Carnegie Mellon University researchers have created the first robotically driven experimentation system to determine the effects of a large number of drugs on many proteins, reducing the number of necessary experiments by 70 percent.
The model, presented in the journal eLife, uses an approach that could lead to accurate predictions of the interactions between novel drugs and their targets, helping reduce the cost of drug discovery.

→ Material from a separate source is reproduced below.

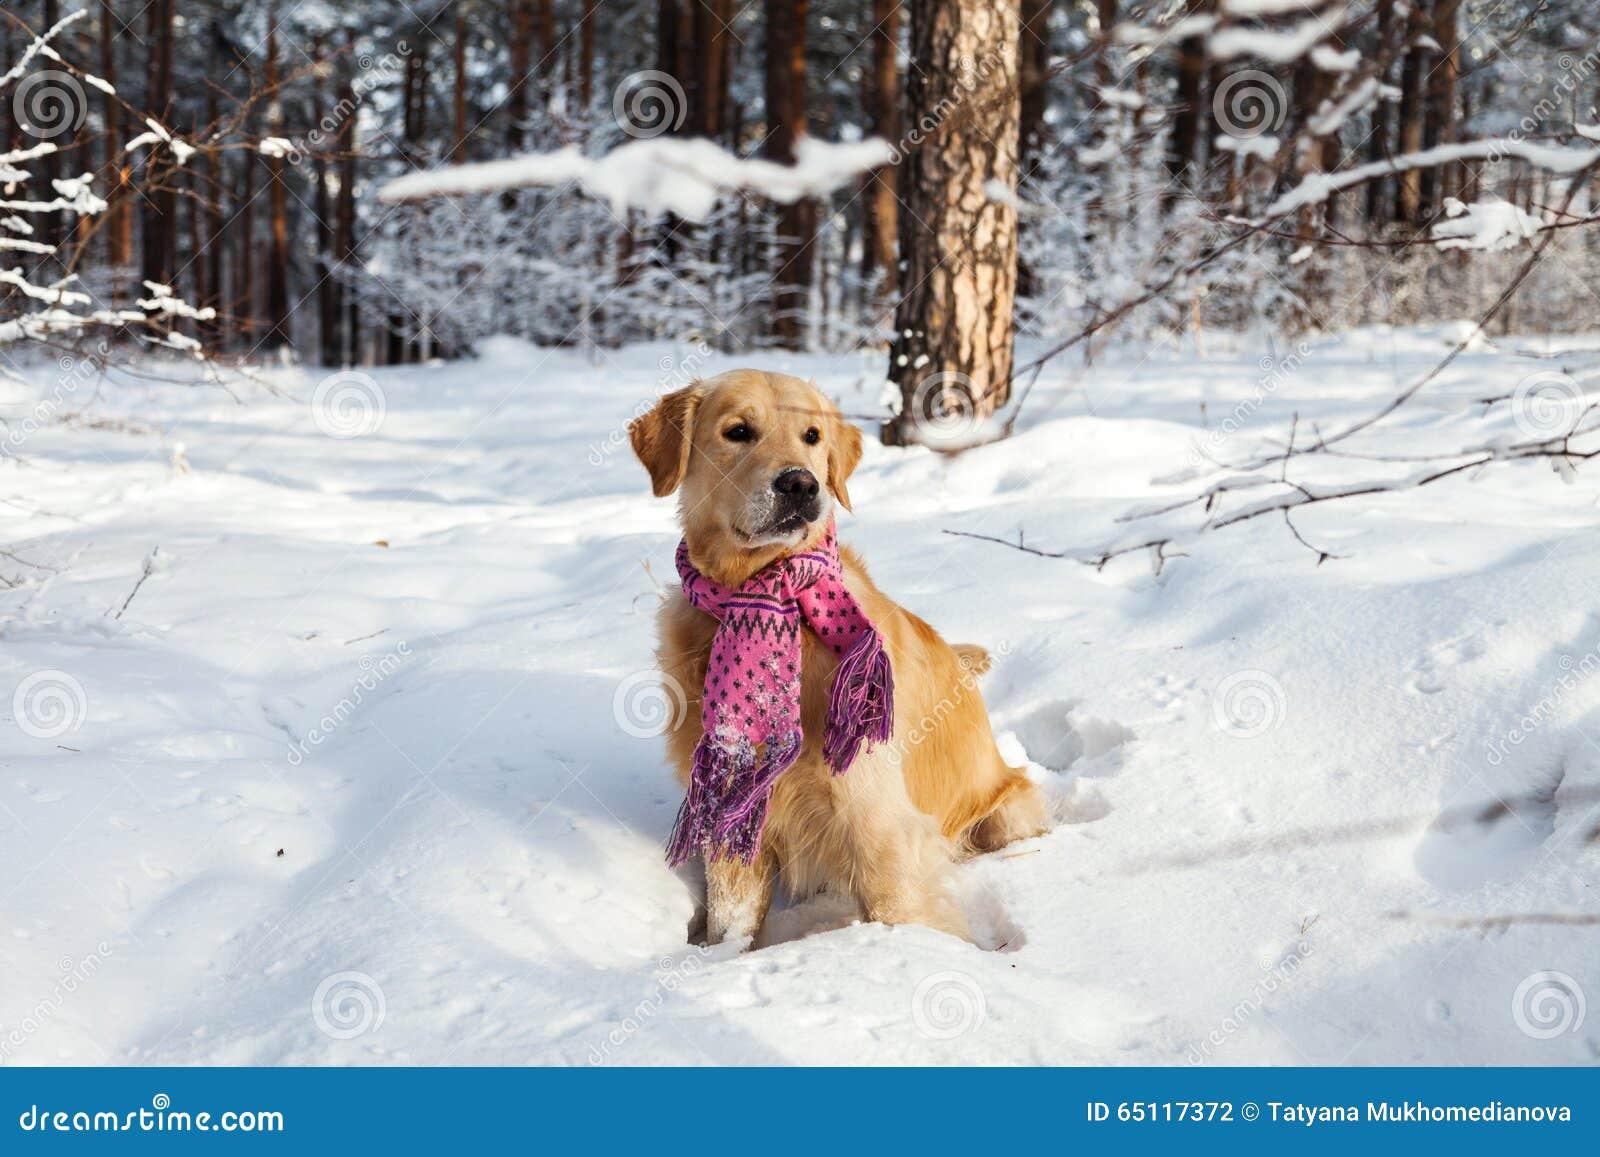 Golden Retriever in a pink scarf running through the snow

"Biomedical scientists have invested a lot of effort in making it easier to perform numerous experiments quickly and cheaply," said lead author Armaghan Naik, a Lane Fellow in CMU's Computational Biology Department.

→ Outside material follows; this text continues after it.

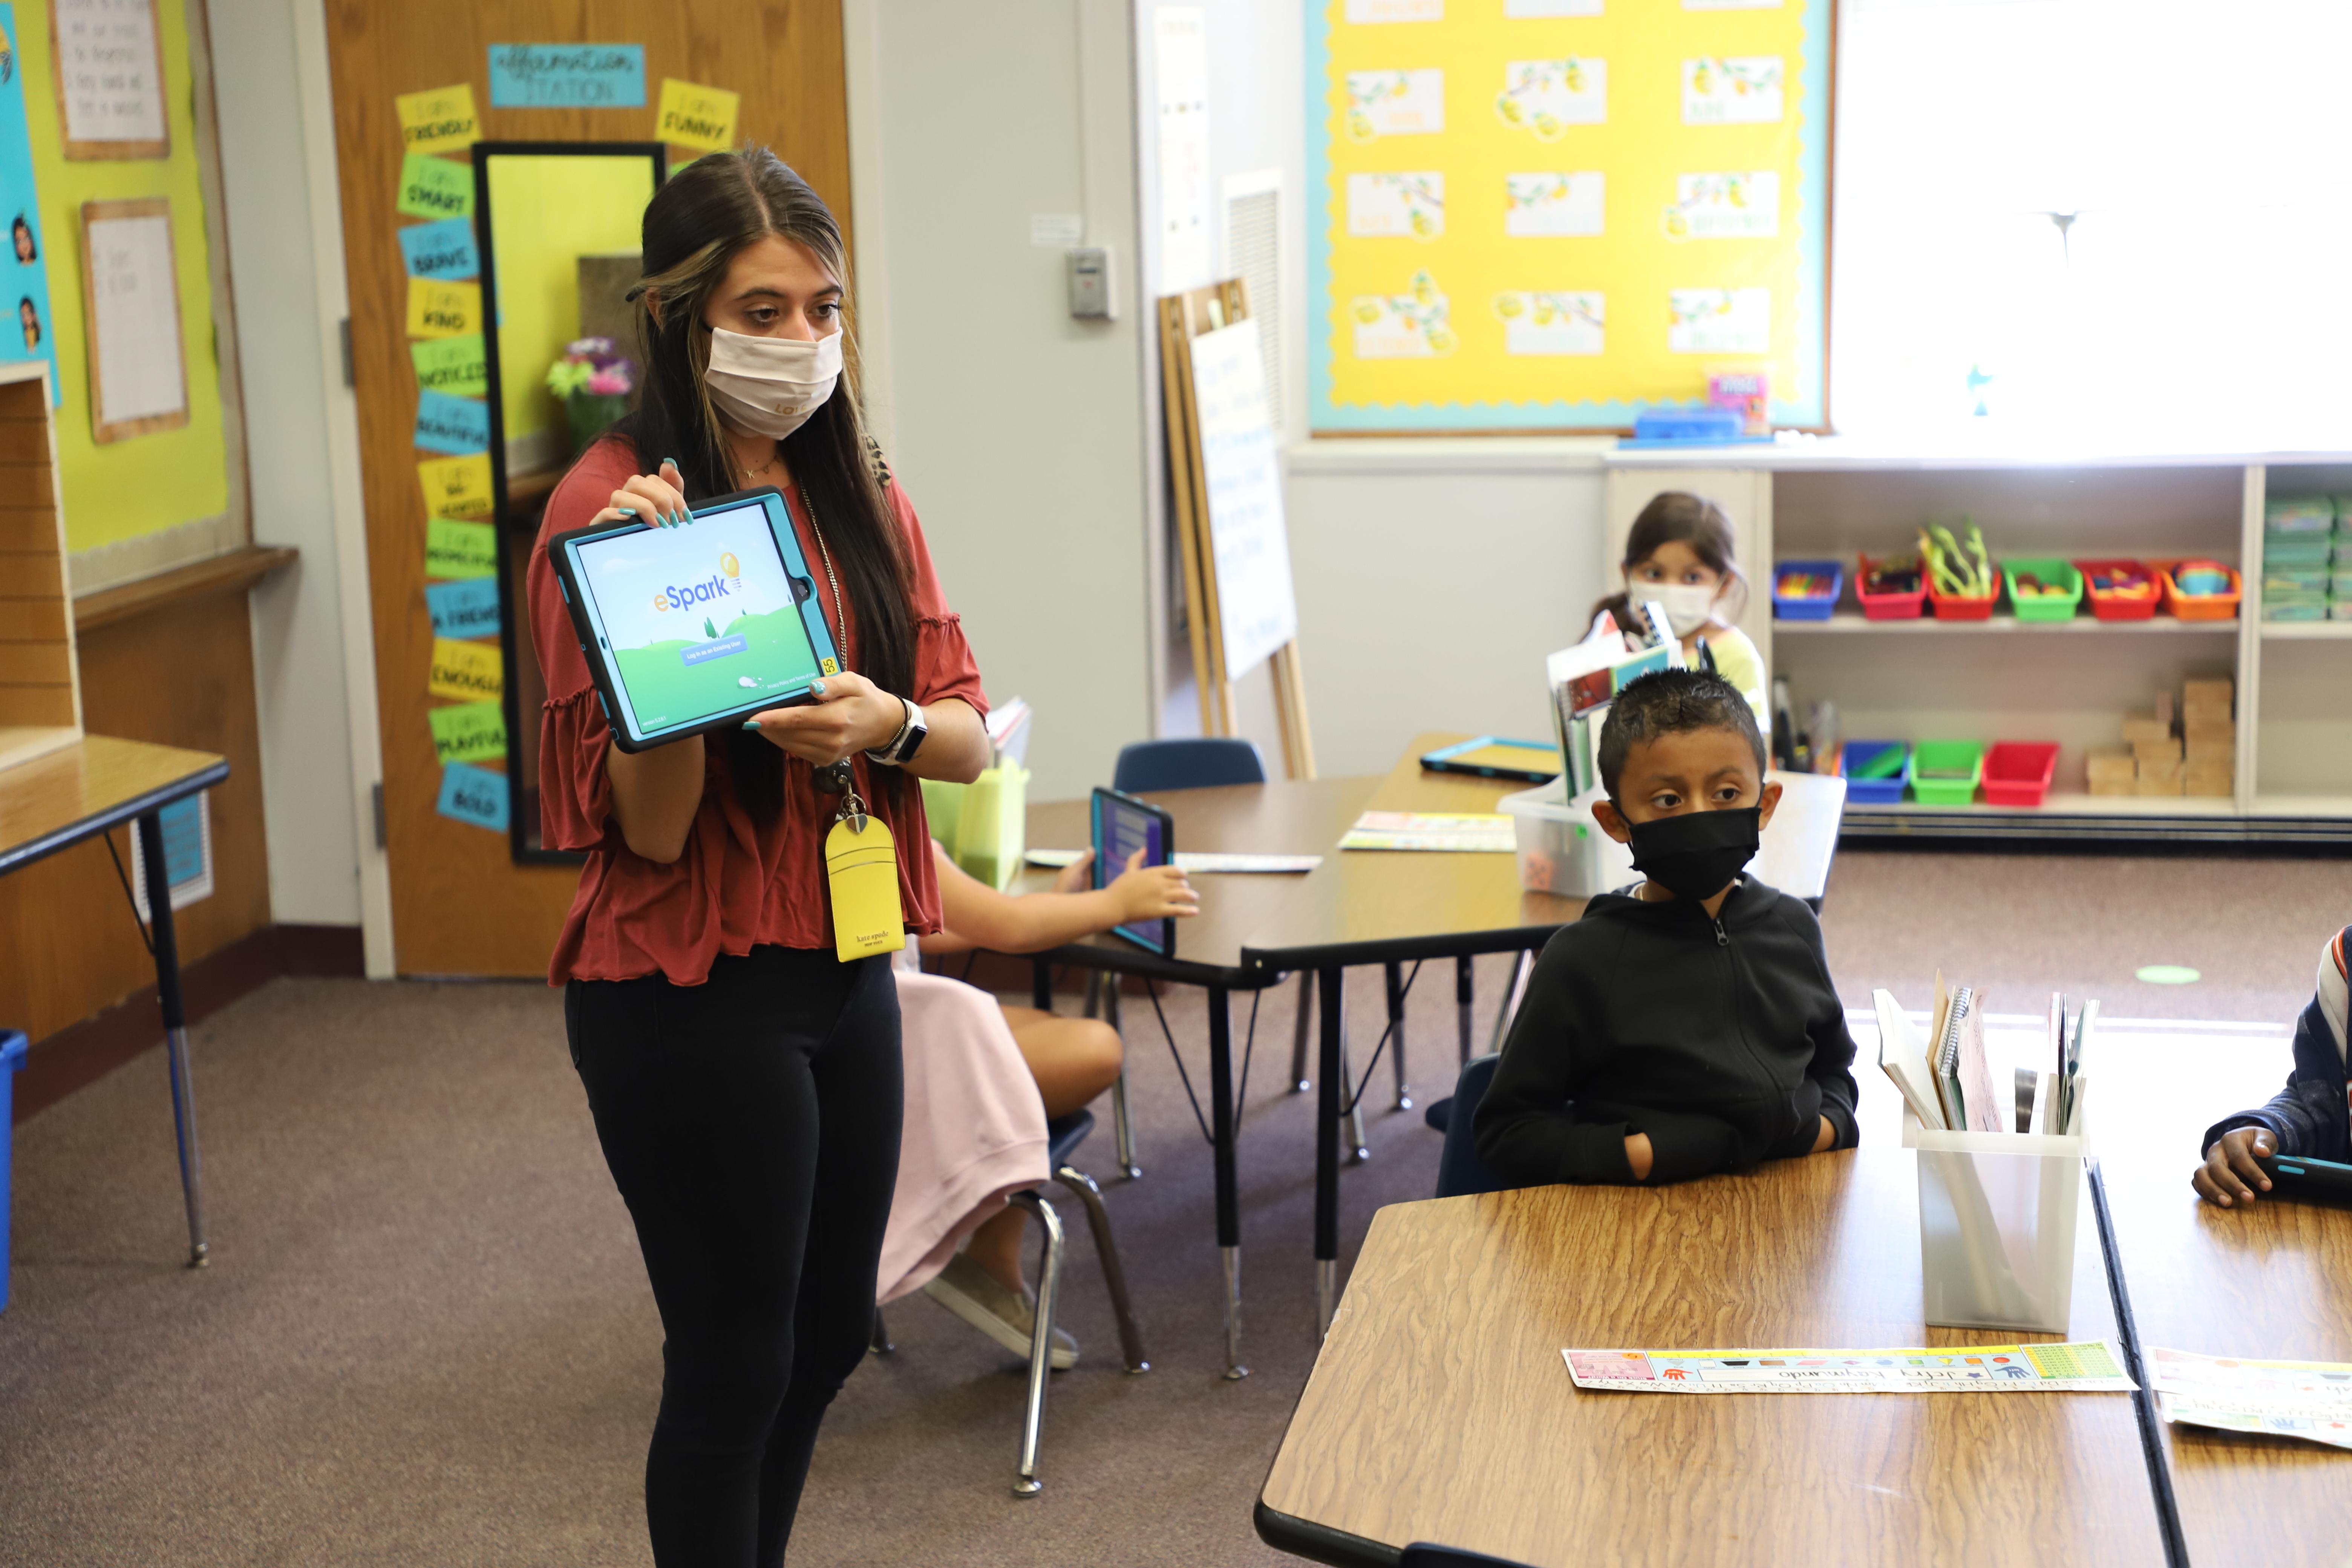 Dakota Wesslund holds a tablet while Jefry Raymundo-Chumux looks toward the camera in Wesslund's first-grade classroom at Mockingbird Elementary. (Jim Frederick/Ralston Public Schools)

"However, we simply cannot perform an experiment for every possible combination of biological conditions, such as genetic mutation and cell type. Researchers have therefore had to choose a few conditions or targets to test exhaustively, or pick experiments themselves. The question is, which experiments do you pick?"

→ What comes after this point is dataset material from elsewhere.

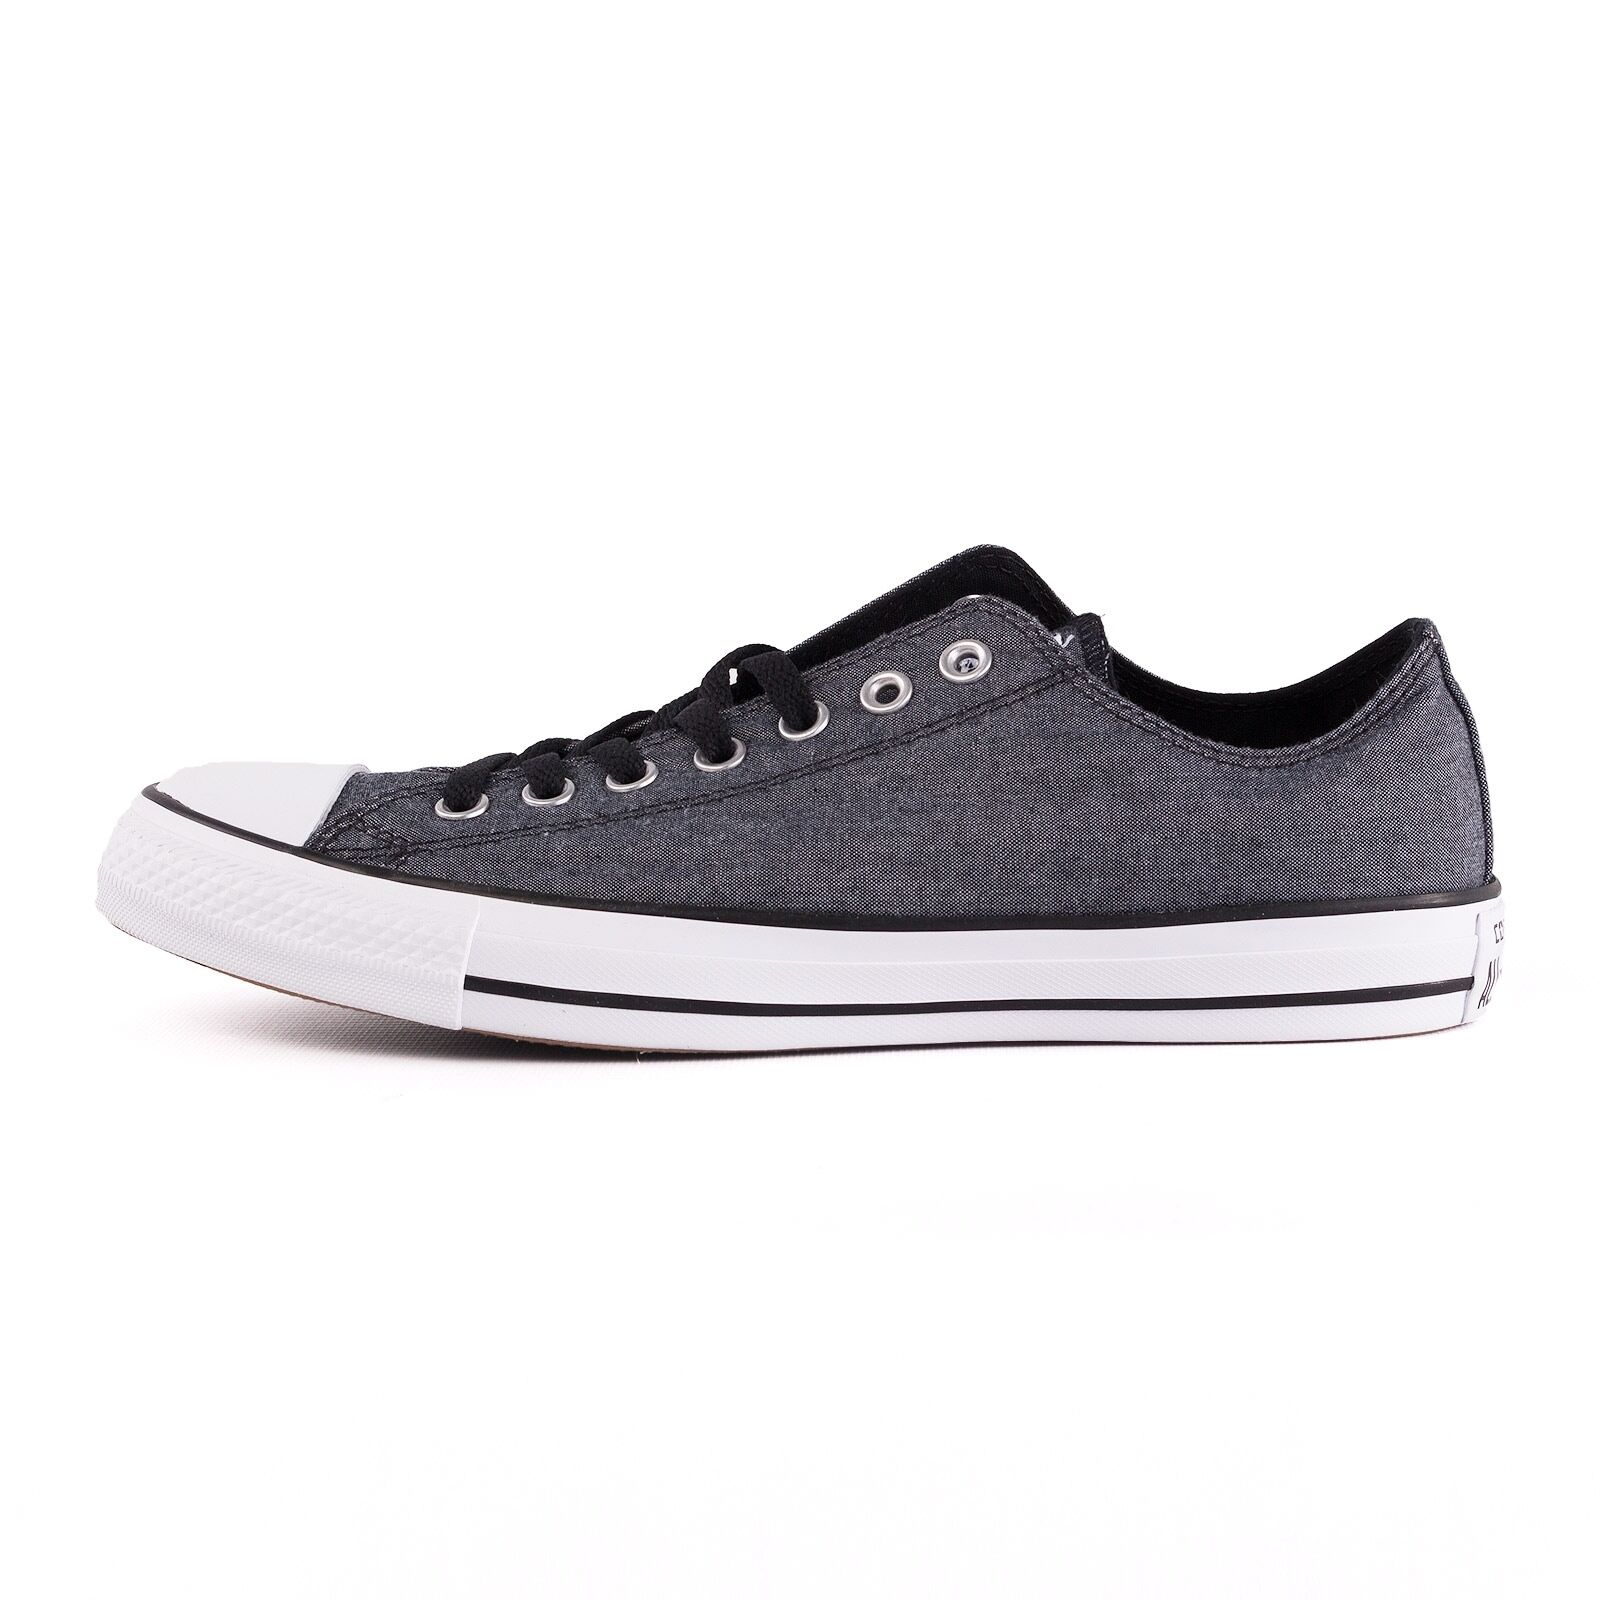 Converse ctas zapatillas Ox caballero zapatillas ctas zapato, Negro/Blanco, 51230 451bf7

Naik says that careful balance between performing experiments that can be predicted confidently and those that cannot is a challenge for humans, as it requires reasoning about an enormous amount of hypothetical outcomes at the same time.
To address this problem, the research team previously described applying a machine learning approach called "active learning" that involves a computer repeatedly choosing which experiments to do in order to learn efficiently from the patterns it observes in the data. The team is led by senior author Robert F. Murphy, professor and head of the Computational Biology Department.
While their approach had only been tested using synthetic or previously acquired data, the team's current model builds on this work by letting the computer choose which experiments to do. The experiments were then carried out using liquid-handling robots and an automated microscope.
The learner studied the possible interactions between 96 drugs and 96 cultured mammalian cell clones with different, fluorescently tagged proteins. A total of 9,216 experiments were possible, each consisting of acquiring images for a given cell clone in the presence of a given drug. The challenge for the algorithm was to learn how proteins were affected in each of these experiments, without performing all of them.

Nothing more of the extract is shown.